Top of Extracted material

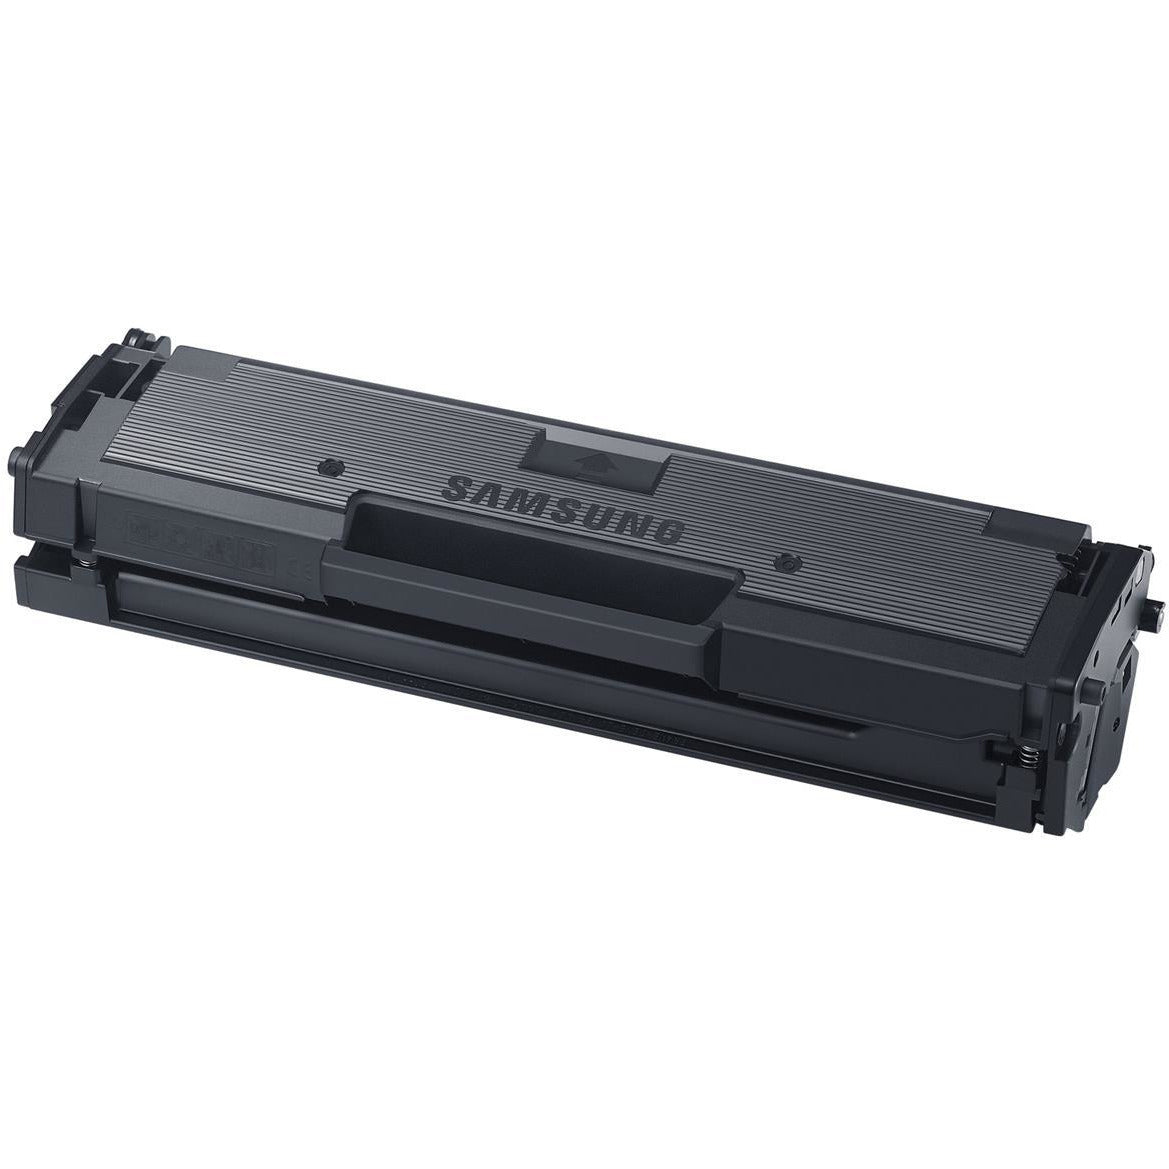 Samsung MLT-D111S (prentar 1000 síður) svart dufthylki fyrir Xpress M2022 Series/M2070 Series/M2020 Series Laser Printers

Bottom of Extracted material
Top of Extracted material

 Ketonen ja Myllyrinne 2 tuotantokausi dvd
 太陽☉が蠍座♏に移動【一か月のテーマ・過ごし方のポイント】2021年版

Bottom of Extracted material

■ **Your assignment**:
In the listing above, the lines from the one containing "Ketonen ja Myllyrinne 2 tuotantokausi dvd" through the one containing "太陽☉が蠍座♏に移動【一か月のテーマ・過ごし方のポイント】2021年版" must be set down exactly, with no other lines.

■ **Written answer**:
 Ketonen ja Myllyrinne 2 tuotantokausi dvd
 太陽☉が蠍座♏に移動【一か月のテーマ・過ごし方のポイント】2021年版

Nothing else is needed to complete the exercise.